The Old Testament presents washing a visitor’s feet as a clear sign of respect. In First Samuel 25:41, King David’s soon-to-be second wife, Abigail, offers to wash the feet of her soon-to-be-second-and-seriously-influential husband’s servants. In The New Testament, the practice became a symbol of equality when, after washing his disciples’ feet, Jesus told them to do the same for each other “to prove that a servant is not greater than his master; nor is he who is sent greater than he who sent him,” as clear a statement of human rights as the one 1,743 years later that begins, “We hold these truths to be self evident …”
This was all such good public relations that the Church adopted the alms and bathing idea, christening it “Maundy” from the Latin word mandatum meaning command, as in Jesus’ command to his disciples. And what the Pope did, the King of then-Catholic England could not ignore. In 1211, King John I took a pass on the bathing part, but handed out alms in an attempt to placate Britons angered by his having raised taxes to ransom his brother Richard the Lionheart who had got himself kidnapped at the end of the Third Crusade—and also to make nice to Pope Innocent
III who had excommunicated the king for seizing church property. Edward I, who ruled from 1271–1307, formally designated the day before Good Friday as Maundy Thursday. Both Roman Catholic Mary Stuart and her sister, Anglican Elizabeth I, also washed the feet of some deserving poor, after said feet had been thoroughly rinsed by Court officials. The last British ruler actually to splash water on impoverished feet was James II in 1689. The task of handing out alms was handled by Court flunkies until 1931, when George V decided to do it himself, awarding “Maundy money” each year to as many deserving men and women as he was old. His granddaughter, Elizabeth II, has continued the tradition; in 2012, age 86, she distributed two purses each to 86 men and 86 women, one red purse with coins representing such essentials as food and clothing and one white purse stuffed with commemorative coins.
The British Royals may have abandoned bathing naked feet, but the Pope still performs the ritual in Rome, and in appropriate situations so do other Church officials seeking to demonstrate repentance and humility. In February 2012, at Saint Mary’s Pro-Cathedral in Dublin, Dublin Archbishop Diarmuid Martin and Cardinal Sean O’Malley of Boston knelt to wash and dry the feet of eight men and women who as children had been victims of clerical abuse.

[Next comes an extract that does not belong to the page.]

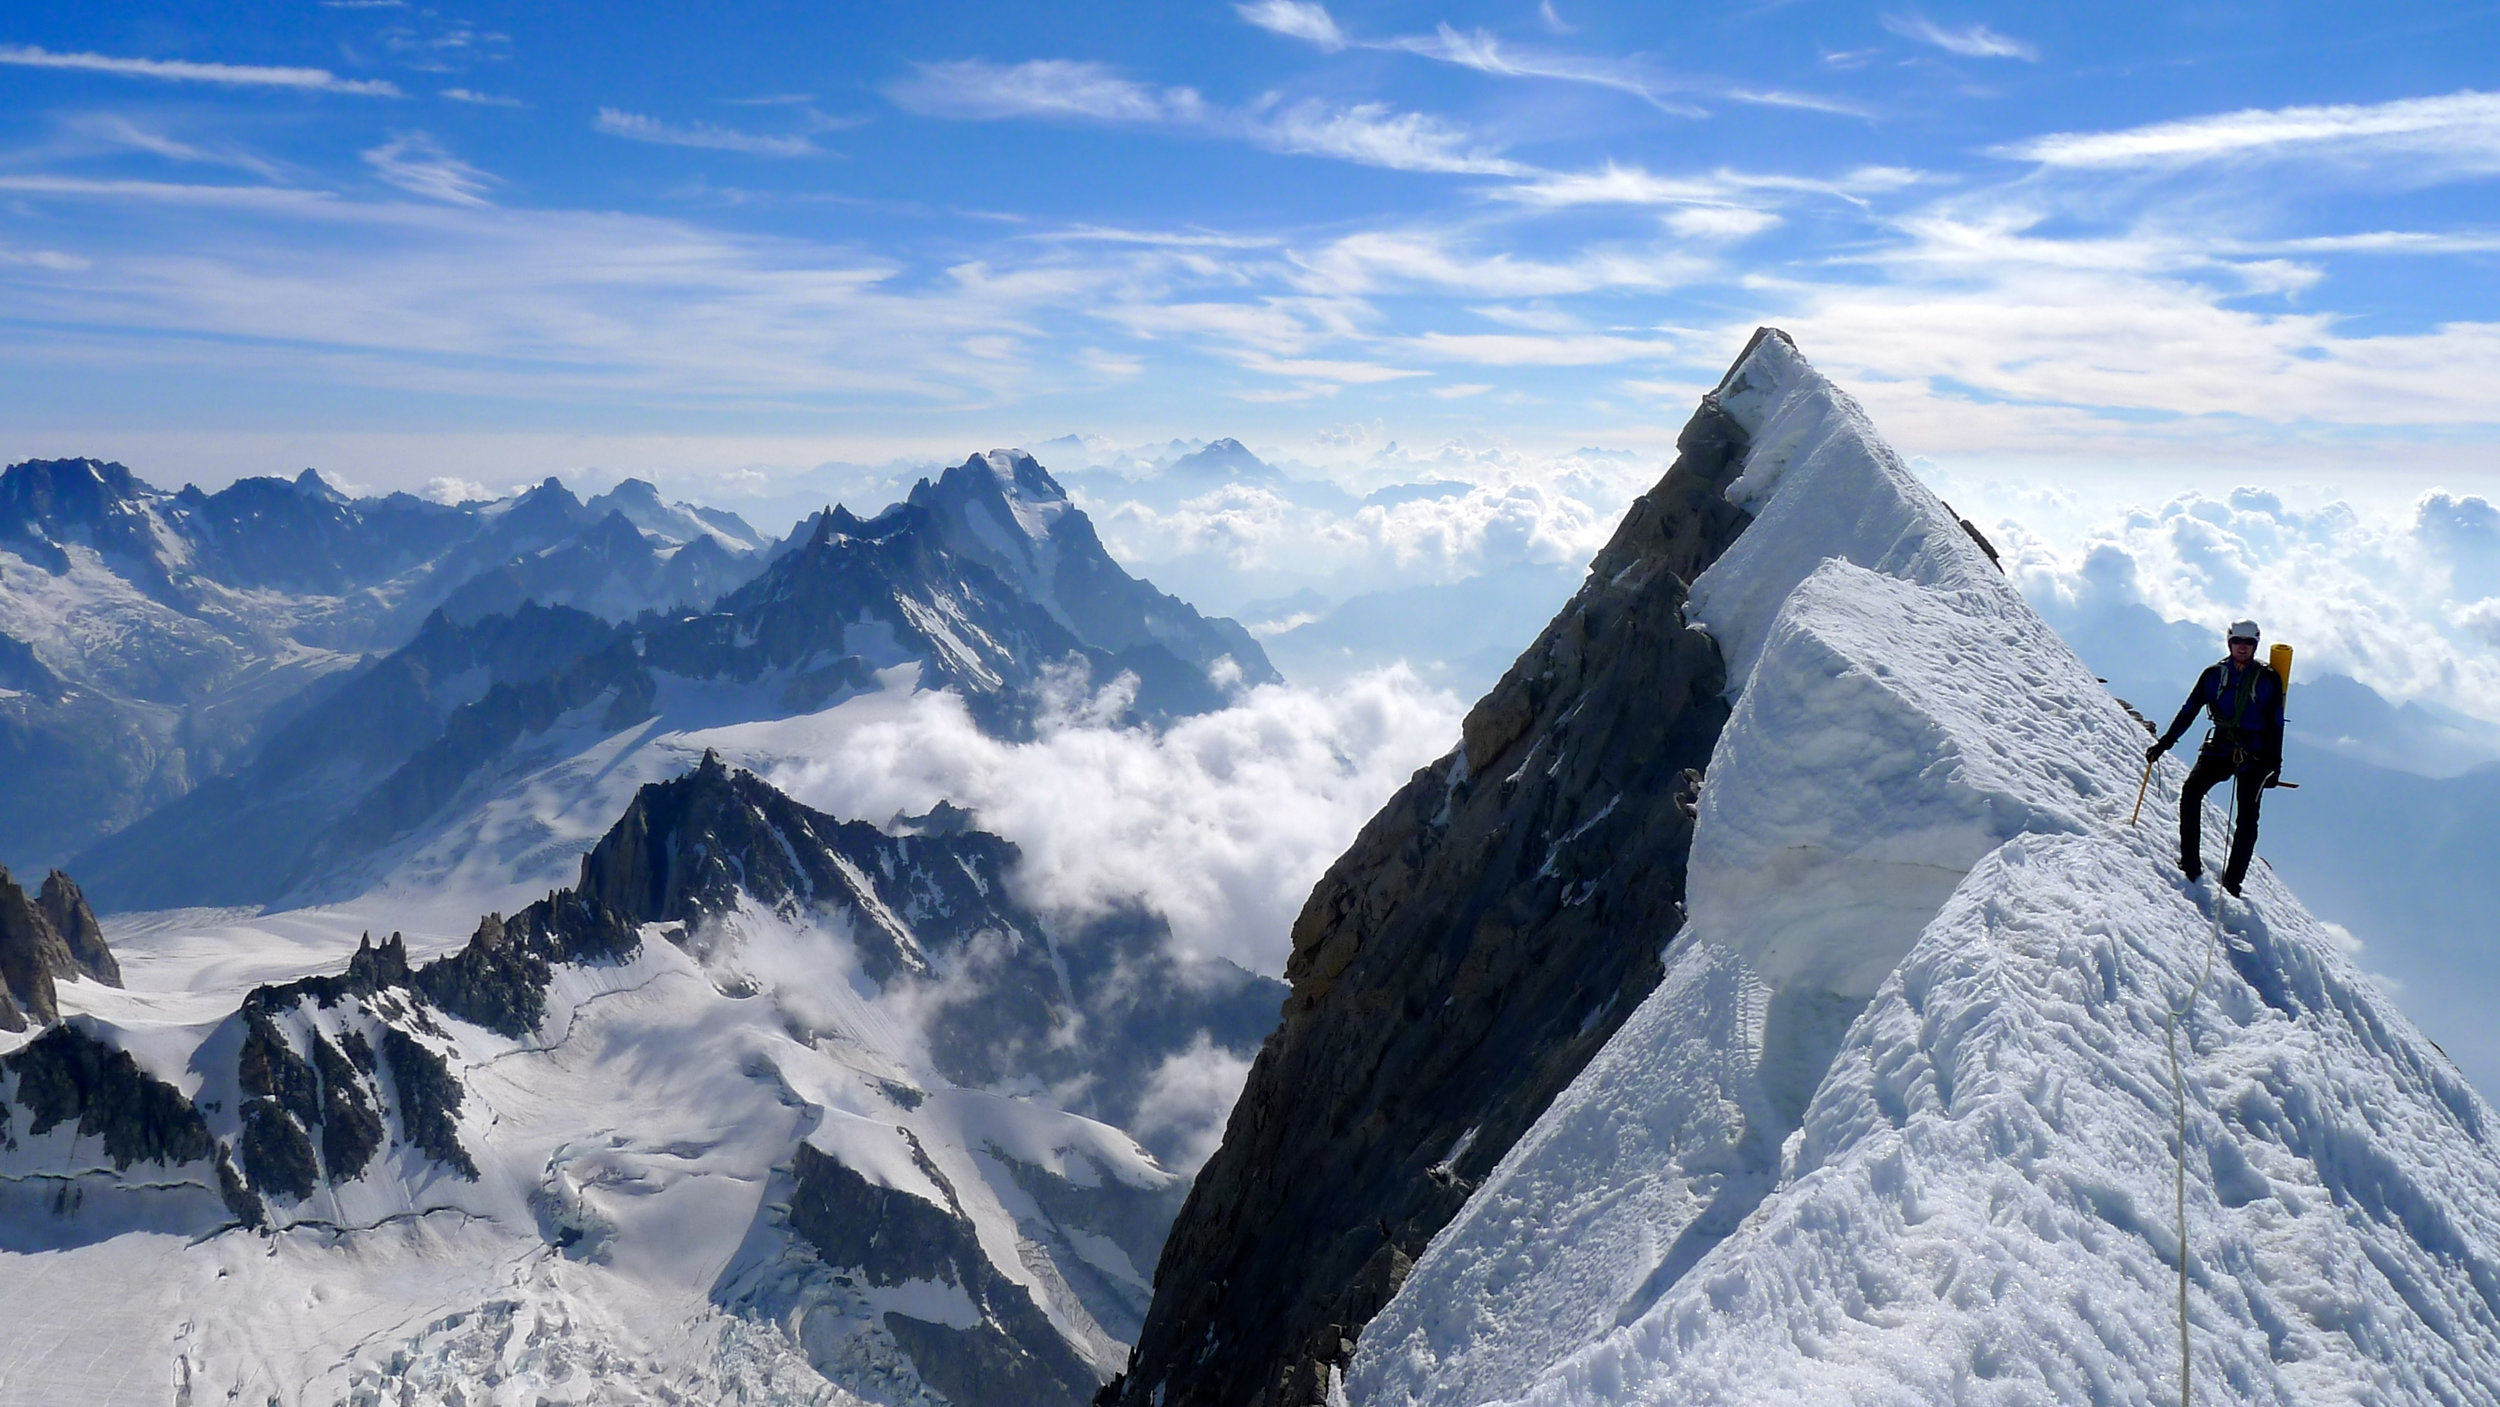 Matthew Pigden on the Peuteray Integrale, Mont Blanc. Day 4

Which brings us in a very roundabout manner to the moment—the act—where we all began.
As anyone who has ever read the book can testify, the Bible is awash in the erotic. Not just the lush and liquid Song of Songs; the whole thing, cover to cover, with so many references to your feet as symbols that you can practically hear the chorus in the background muttering, “Dirty, smelly, hidden—sex!”